Once you have applied all the code tricks above (forward declarations, reducing header inclusion to the minimum in public headers, pushing most details inside the implementation file with Pimpl...) and nothing else can be gained language-wise, consider your build system. If you use Linux, consider using distcc (distributed compiler) and ccache (cache compiler).
The first one, distcc, executes the preprocessor step locally and then sends the output to the first available compiler in the network. It requires the same compiler and library versions in all the configured nodes in the network.
The latter, ccache, is a compiler cache. It again executes the preprocessor and then check with an internal database (held in a local directory) if that preprocessor file has already been compiled with the same compiler parameters. If it does, it just pops up the binary and output from the first run of the compiler.
Both can be used at the same time, so that if ccache does not have a local copy it can send it trough the net to another node with distcc, or else it can just inject the solution without further processing.

Here are some:
Use all processor cores by starting a multiple-compile job (make -j2 is a good example).
Turn off or lower optimizations (for example, GCC is much faster with -O1 than -O2 or -O3).
Use precompiled headers.

When I came out of college, the first real production-worthy C++ code I saw had these arcane #ifndef ... #endif directives in between them where the headers were defined. I asked the guy who was writing the code about these overarching things in a very naive fashion and was introduced to world of large-scale programming.
Coming back to the point, using directives to prevent duplicate header definitions was the first thing I learned when it came to reducing compiling times.

More RAM.
Someone talked about RAM drives in another answer. I did this with a 80286 and Turbo C++ (shows age) and the results were phenomenal. As was the loss of data when the machine crashed.

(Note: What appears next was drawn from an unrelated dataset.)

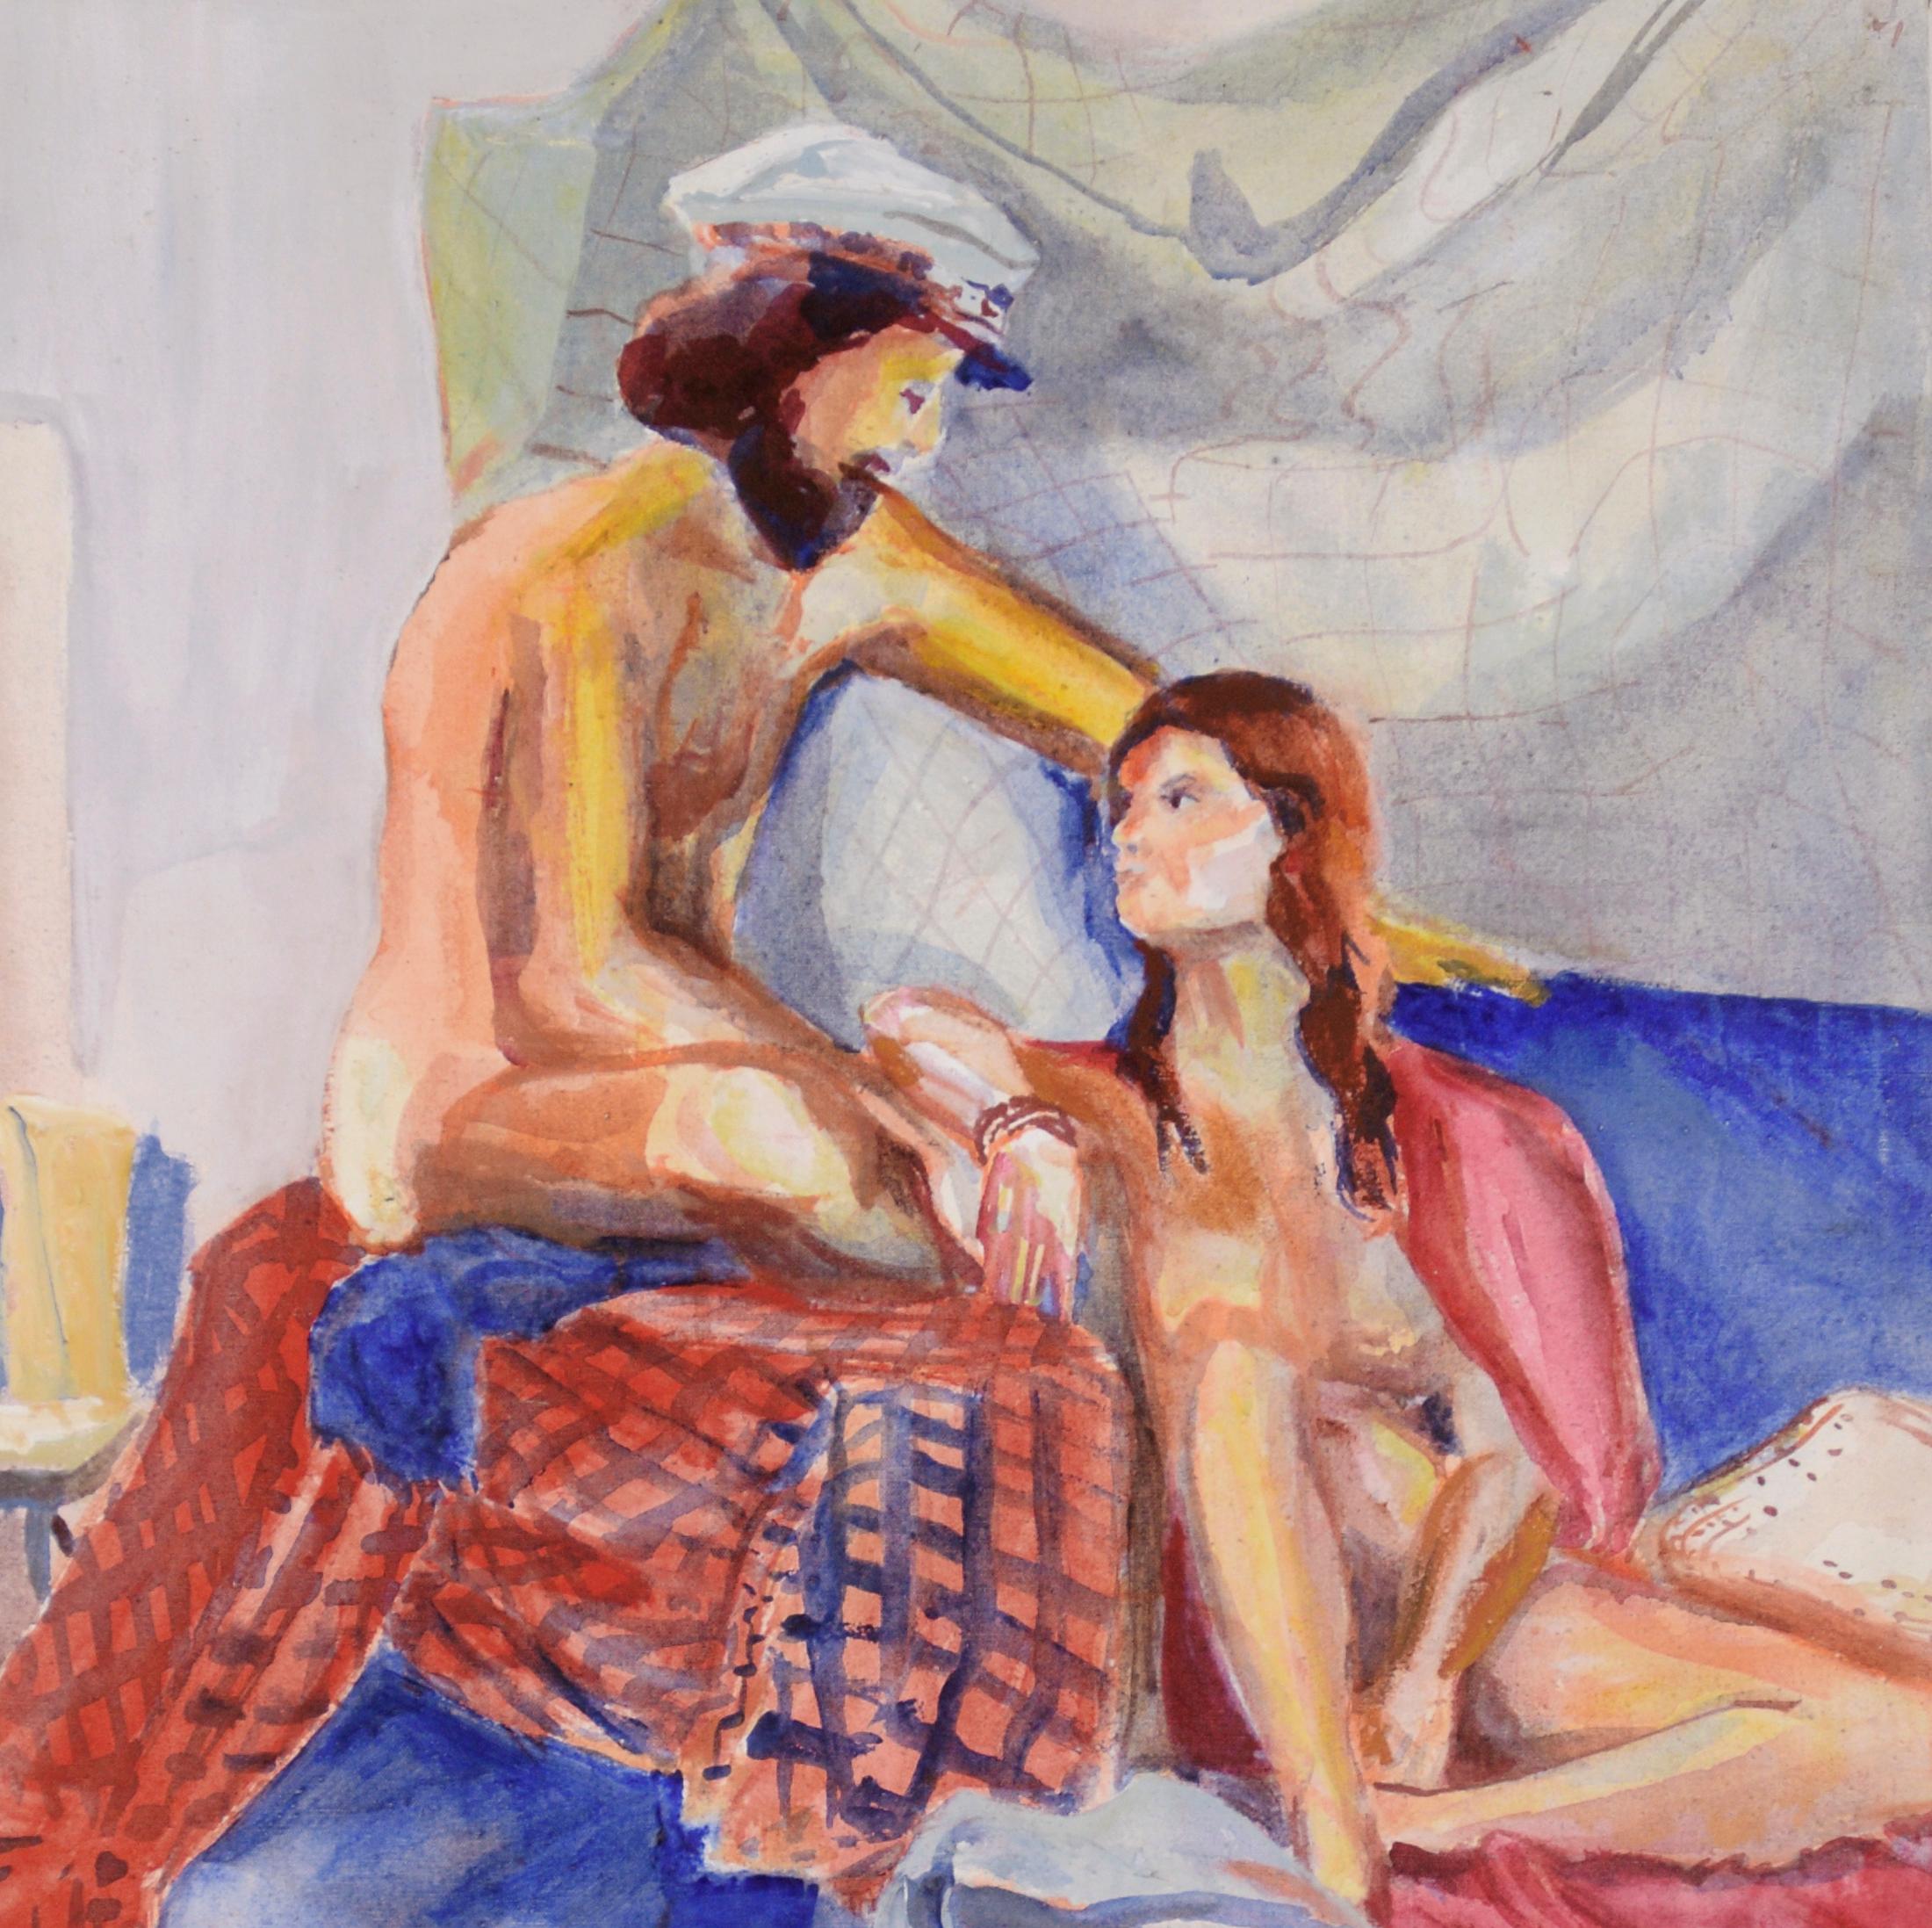 Une muse - Étude figurative à l'huile sur toile

Un homme nu portant un chapeau de marin et regardant une femme assise sur des draps rouges et bleus par la peintre américaine Patricia Gren Hayes (née en 1932). L'homme porte un chapeau de capitaine

You could use Unity Builds.

Use
#pragma once
at the top of header files, so if they're included more than once in a translation unit, the text of the header will only get included and parsed once.

Use forward declarations where you can. If a class declaration only uses a pointer or reference to a type, you can just forward declare it and include the header for the type in the implementation file.
For example:
// T.h
class Class2; // Forward declaration
class T {
public:
void doSomething(Class2 &c2);
private:
Class2 *m_Class2Ptr;
};
// T.cpp
#include "Class2.h"
void Class2::doSomething(Class2 &c2) {
// Whatever you want here
}
Fewer includes means far less work for the preprocessor if you do it enough.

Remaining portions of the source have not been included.